Ces thématiques trouvent un écho jusqu’en Australie, où la professeure Cadieux a été reçue comme experte de la santé mentale des juristes.
Une charge mentale qui pourrait être partagée
La professeure Cadieux explique qu’il y a un point commun entre toutes les professions où la personne se définit avec son titre professionnel.
Il y a une identité forte liée aux professions réglementées. Je suis médecin, avocate. Ça fait partie de ma personne. Ceci explique beaucoup des stresseurs qu’on a identifiés : la charge mentale, la responsabilité.
Mais comment alors expliquer que, par exemple, dans le milieu de l’ingénierie, le stress n’est pas lié aux heures facturables, qui pourtant sont aussi le modèle traditionnel.
« Parce que les ingénieurs travaillent en équipe, par projet; ils partagent les risques. En droit, quand une cause est plus difficile, on aurait avantage à travailler en équipe pour partager les risques, avoir un soutien des pairs, ne pas être seul à supporter les demandes émotionnelles de certains dossiers ou ne pas être exposé à répétition à des traumatismes, comme chez les procureurs de la couronne qui s’occupent d’enfants violentés. »
Une noble cause qui se poursuit
Ces stresseurs liés à la profession ont amené la professeure Cadieux et son équipe à s’intéresser plus largement à la santé psychologique des membres d’ordres professionnels avec un projet de chaire de recherche sur la santé mentale dans les professions réglementées. Ce projet figure d'ailleurs parmi ceux portés par la Grande Campagne de l'UdeS 2022-2028.
En plus de ce projet, la professeure Cadieux poursuit son œuvre en travaillant auprès les jeunes qui entrent dans la profession avec le Jeune Barreau de Montréal, et plus récemment auprès des juges, une fonction parmi les plus respectées au sein de la profession.

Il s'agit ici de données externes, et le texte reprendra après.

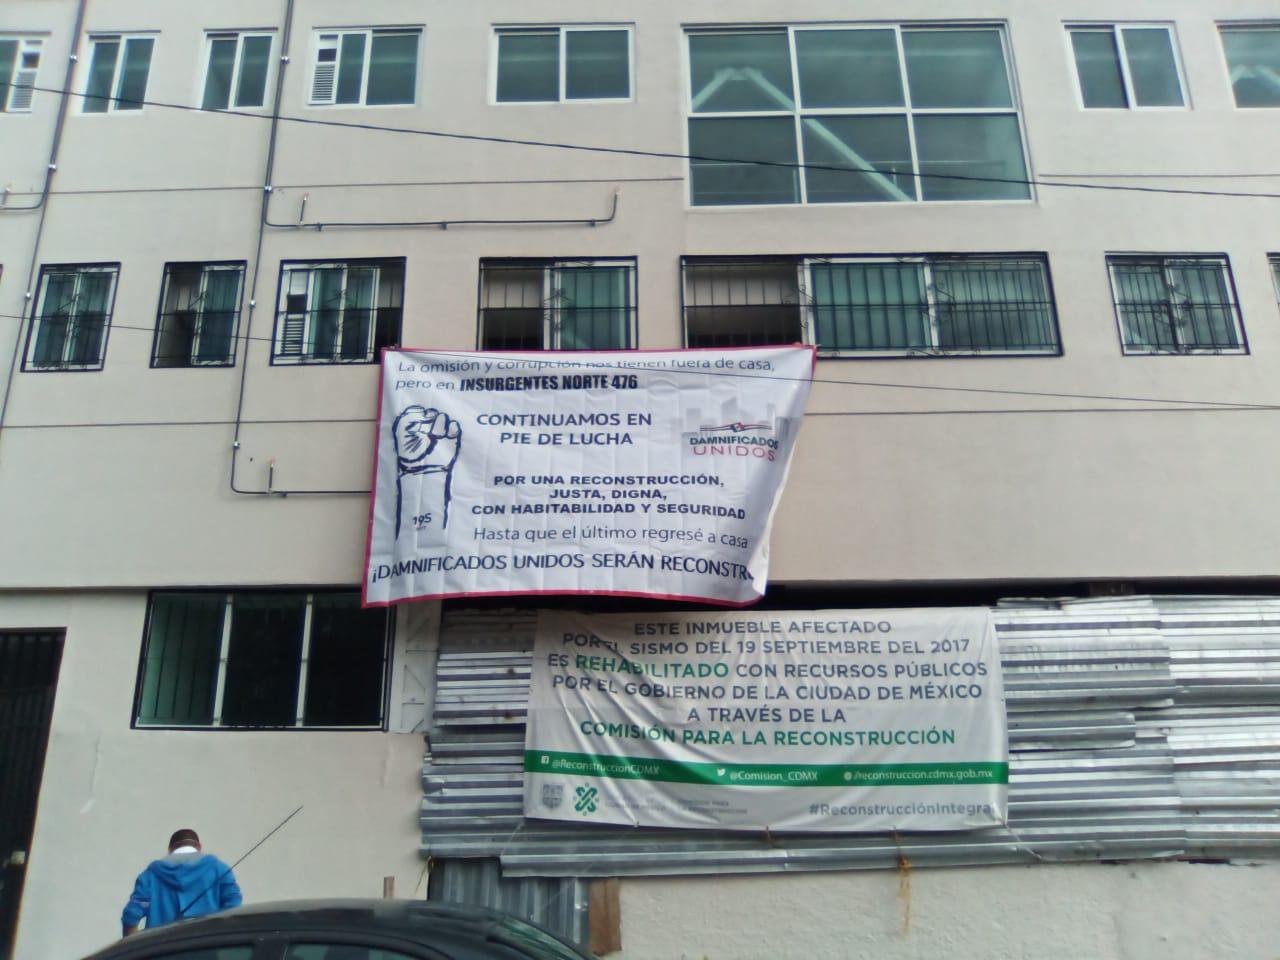 nsurgentes-norte-476-sismo-reconstruccion-rehabilitacion-19S-3-años-damnificados-unidos-01
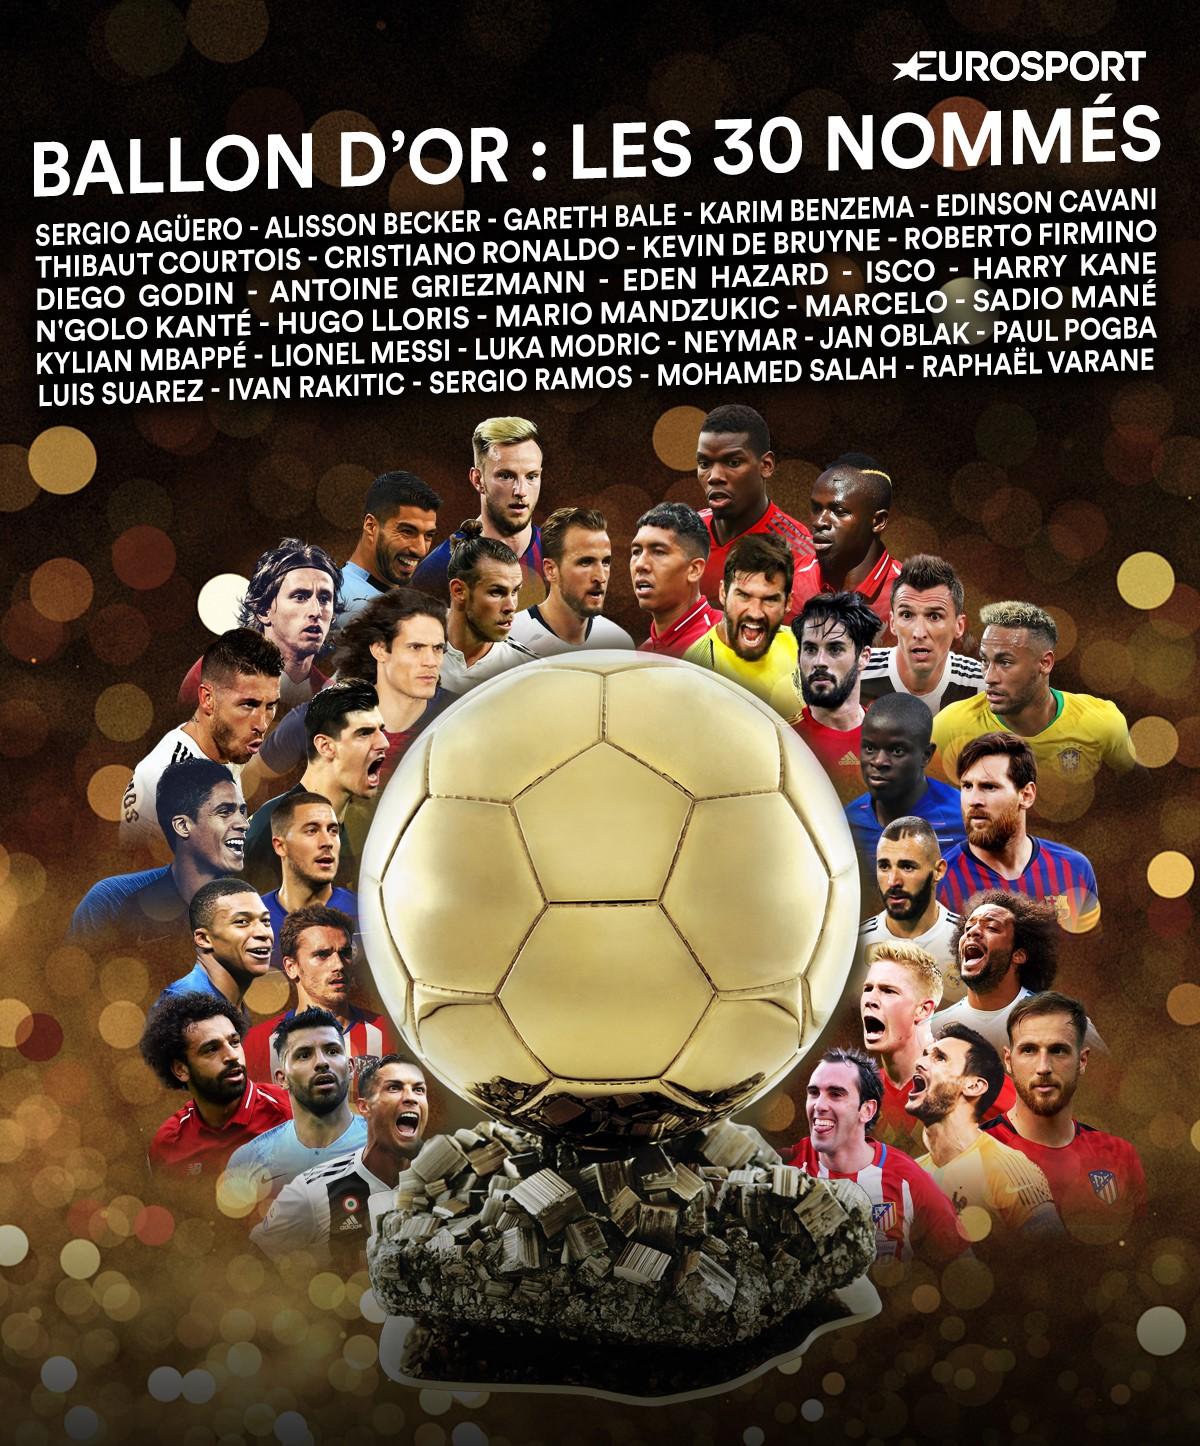 On connaît les 30 nommés pour le Ballon d'Or 2018.

C'est un travail qui est exigeant, mais je crois beaucoup à la théorie des petits pas dans la vie.
Des chiffres et des gens
La phase 1 de la recherche de 2019 à 2022, financée par la Fédération des ordres professionnels de juristes du Canada et l’Association du Barreau Canadien et à laquelle ont participé 7305 personnes professionnelles du droit, a permis de cibler 10 recommandations clés et 35 sous-recommandations sur les principaux enjeux de santé mentale de la profession. De 2022 à 2024, la seconde phase de recherche, financée par le Conseil de recherches en sciences humaines du Canada, a permis de contextualiser les principaux défis émanant de la phase 1 et de produire 24 rapports portant sur les thématiques les plus importantes, mettant en valeur 121 initiatives mises en place par les différents barreaux canadiens au cours des dernières années.
L’équipe de recherche de la professeure Nathalie Cadieux poursuit ce travail grâce à l’engagement des chercheuses et chercheurs Marie-Michèle Gouin, Jean Cadieux, Rémi Labelle-Deraspe, Geneviève Robert-Huot, Jacqueline Dahan, Florence Guiliani et du professionnel de recherche Marc-André Bélanger, en plus d’étudiantes et étudiants aux cycles supérieurs.